Abel Sorzor, 19, from Thornhill Park, pleaded guilty to affray, weapon and bail offences at Heidelberg Magistrates’ Court on Tuesday.
He appeared via video link from custody, where he has spent 49 days.
On May 25 Sorzor was with three other youths when they encountered a rival group near a toilet block at the Northland Shopping Centre about 2.30pm when an argument broke out
According to court documents, it was unclear whether the two groups had organised to meet or had come across each other by chance.
The groups allegedly moved to an outdoor dining area before violence erupted in a nearby alleyway.
Police allege the groups started pushing and punching each other before Sorzor’s group pulled out machetes hidden in their pants and began slashing.

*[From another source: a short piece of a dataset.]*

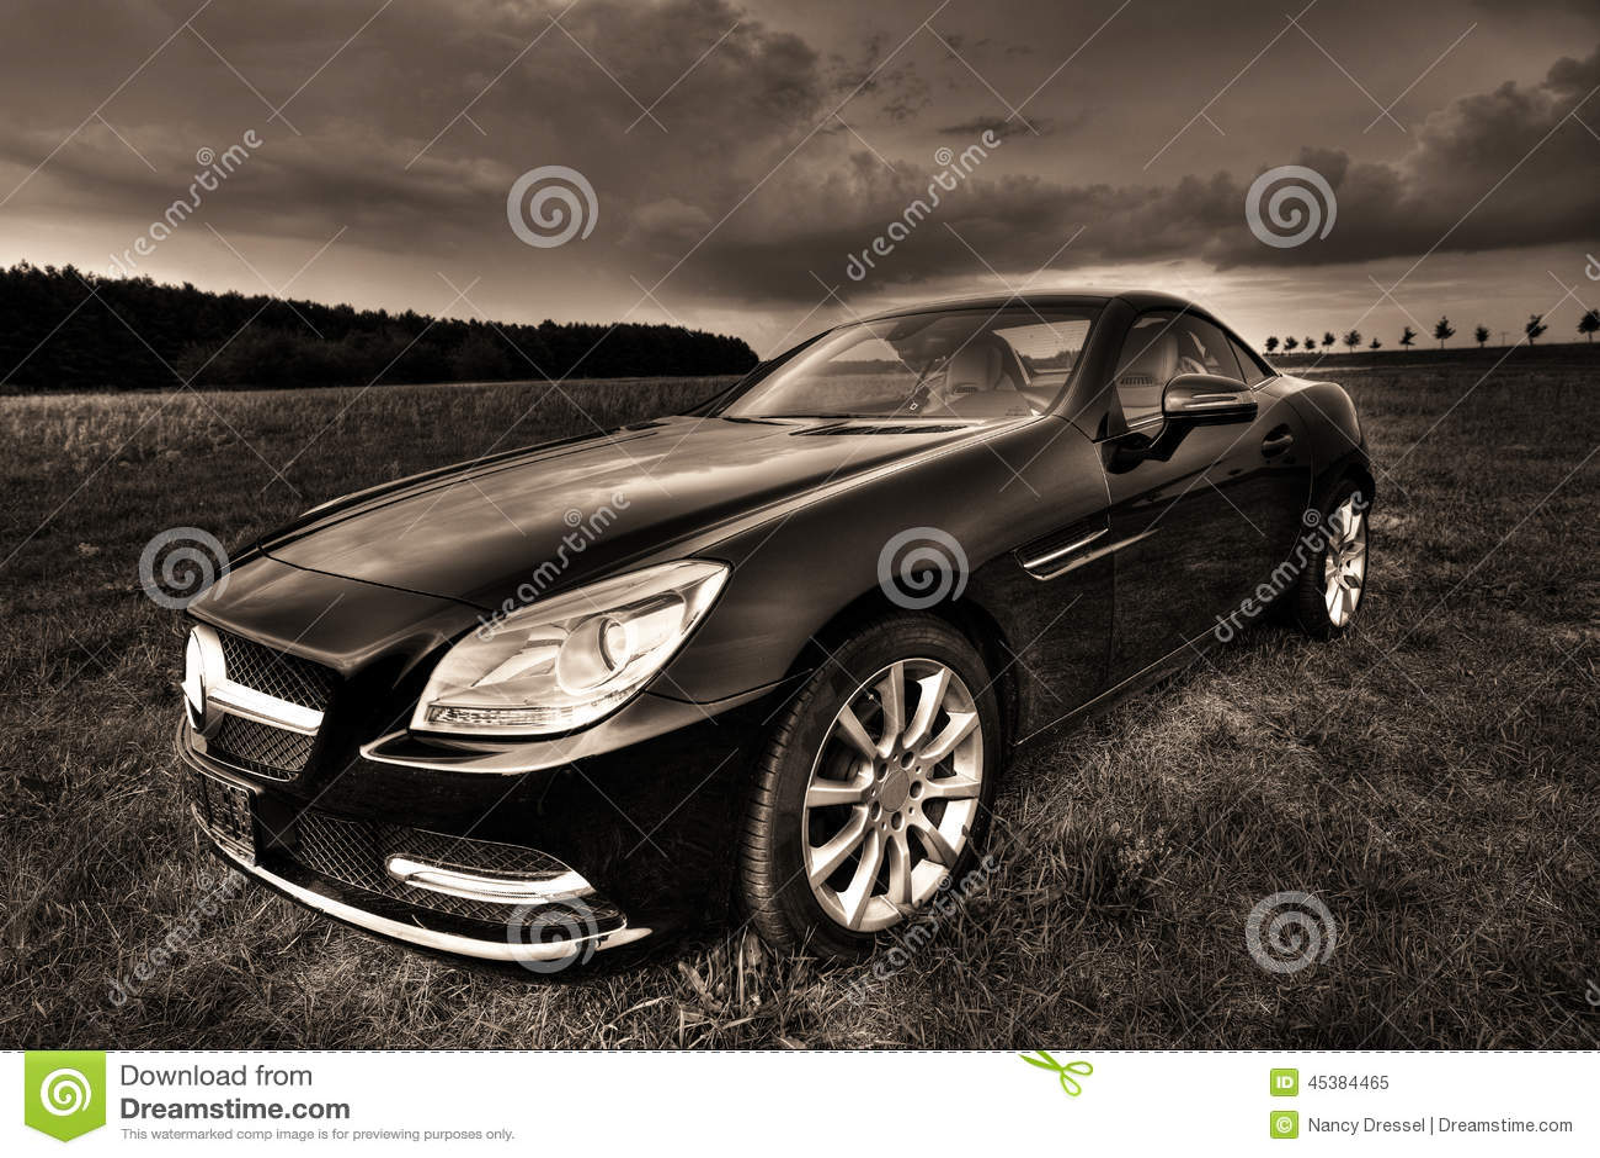 mercedes slk 200 cabrio stock image image of autos lifestyle 45384465. Black Bedroom Furniture Sets. Home Design Ideas

One of Sorzor’s co-accused allegedly turned and slashed his pursuer in the head with a machete, leaving a deep gash and a possibly fractured skull.
That co-accused was then tripped by a member of the public and allegedly set upon by the rival group, whose members punched and kicked him in the head.
Shoppers then restrained him until police arrived, while the alleged attackers were escorted by security outside the shopping centre.
Another member of Mr Sorzor’s group allegedly fled on foot before he returned and was arrested while the rest of the group — still armed with machetes — allegedly fled in a vehicle.
On Tuesday, Sorzor’s defence lawyer said a racial slur had triggered the brawl and his client’s reaction.
“He is not a member of a gang. There is no excuse for his behaviour in any civil society … on the day he was going about his day (when) he was called a racial slur,” he said.
“There was a slap after there was an insult, and it was escalated (and) there was a weapon.”
But Magistrate John Bentley questioned why Sorzor carried a weapon with him while inside the mall.
“They were going about their business with weapons? They were looking for trouble,” he said.
Mr Bentley queried as to where Sorzor had picked up the machete and if he “walked around the streets with weapons.”
“I don’t understand why a person will go to the shopping centre on a Sunday armed with weapons with so many people around … the weapons are horrid,” he said.
His lawyer said Sorzor was “paranoid” and needed the machete for self-defence — a claim rejected by Mr Bentley who said: “a sword wasn’t a weapon for self defence”.